I told someone earlier this week that just hearing it being discussed made me squirm.  Of course, the usual media suspects are sensationalizing the issue and all over it like green on a tractor.  I’ve done as much as I can to tune it out–even in typing this column my palms are perspiring–and with very little success.

But, it must be dealt with. So, here goes. . .

• I fail to see where anyone has been discriminated against and, therefore, must receive special treatment as a remedy.  In no way shape, form or fashion does this equate with the civil rights movement–a true struggle to gain equal rights that were purely denied based on untrue assumptions and fanatically false beliefs–as some have said on the record.  That some have made the analogy between the yearbook photo and the civil rights movement is absolutely mind-boggling and is a slap to the face of the martyrs of the civil rights struggle.  

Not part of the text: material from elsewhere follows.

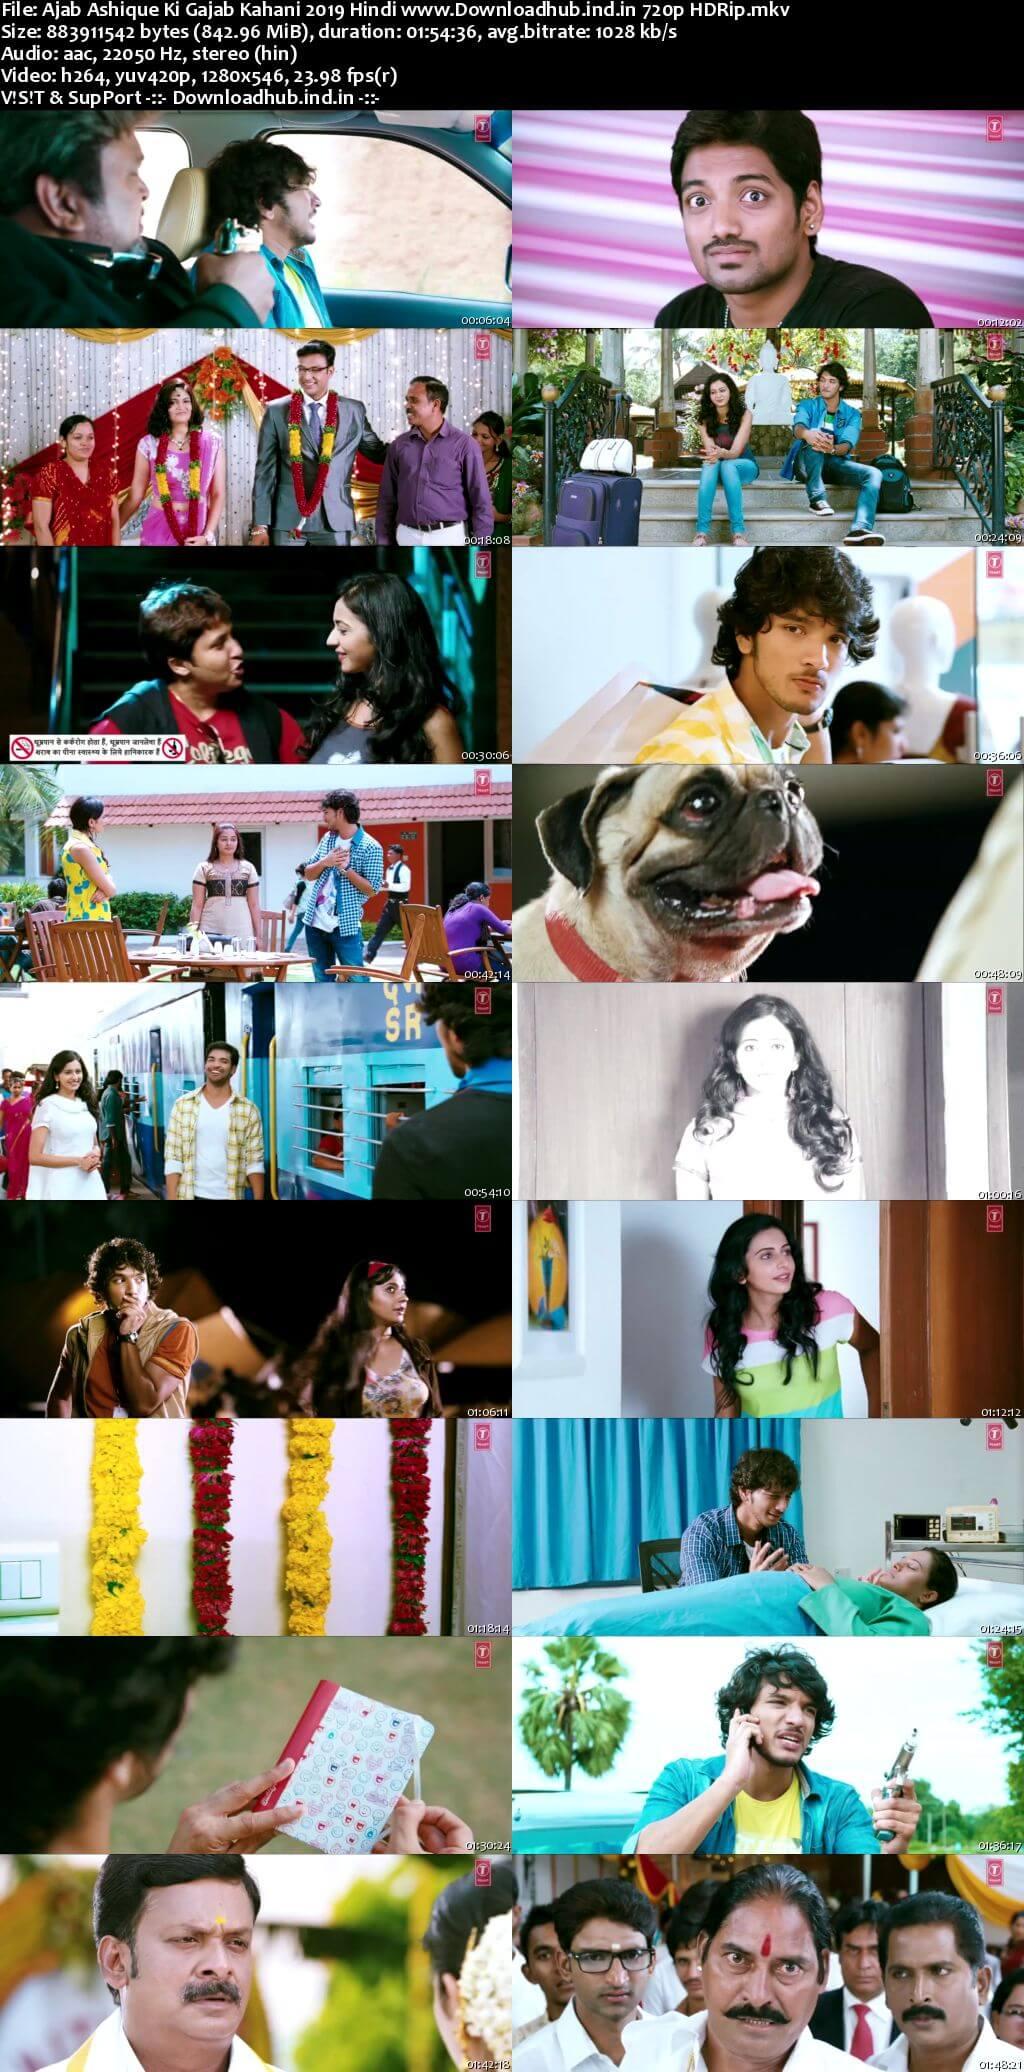 Ajab Ashique Ki Gajab Kahani 2019 Hindi Dubbed 720p HDRip x264
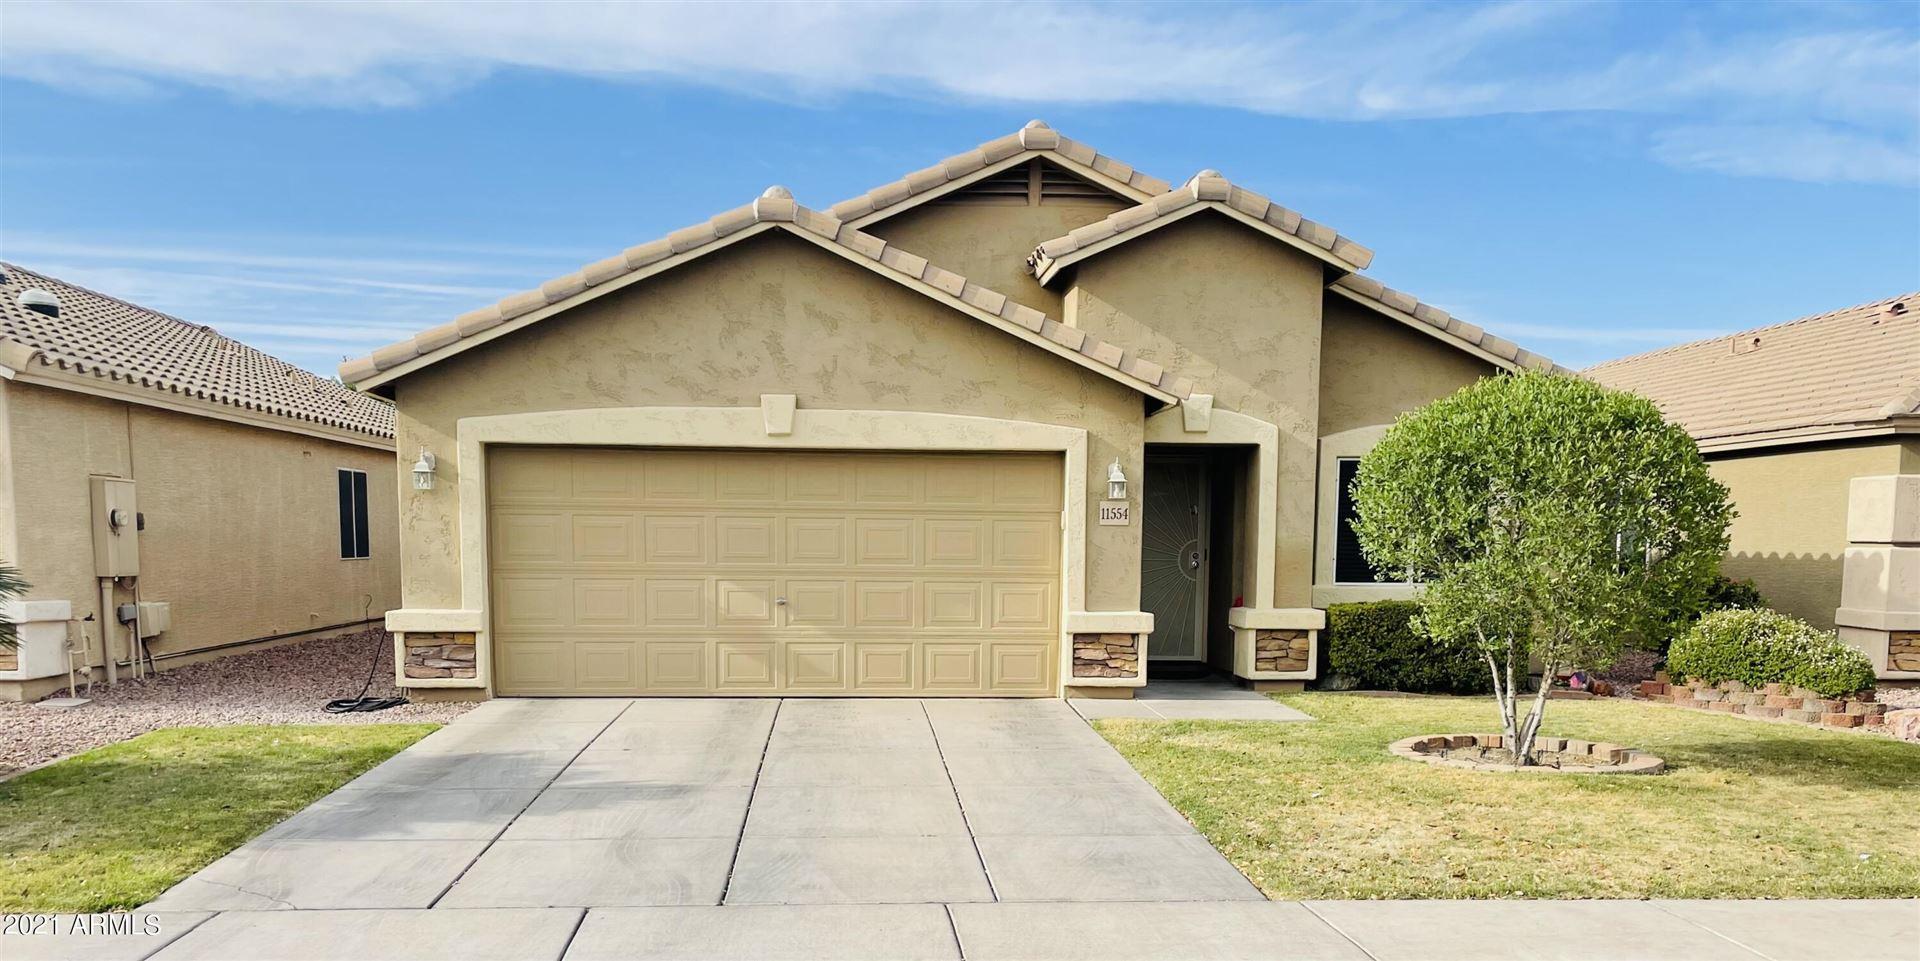 Photo of 11554 W CAROL Avenue, Youngtown, AZ 85363 (MLS # 6225770)

• A senior yearbook photo is not a place to make political or social–or even a religious–statement.  It is formal and has constraints so as to maintain a streamlined production.  I’m sure that many of the students are uncomfortable wearing the required attire, regardless of personal beliefs.  The policy of guys in tuxes and young ladies in dresses or drapes is applied across the board and fairly.

•  Many have said that this entire ordeal has been nothing more than a grab for attention, a chance to put oneself in a spotlight.  Whether or not the former is true, the latter has certainly occurred–and on an international scale.

Has the matter been resolved?  The WAC yearbook has reportedly gone to press, less at least one senior’s portrait.  Either way, once again common sense has been booted in the name of special treatment, and America as we once knew it has died a little more.  The fact is, this whole fiasco matters very little in the grand scheme of things, yet it has shamefully been glorified.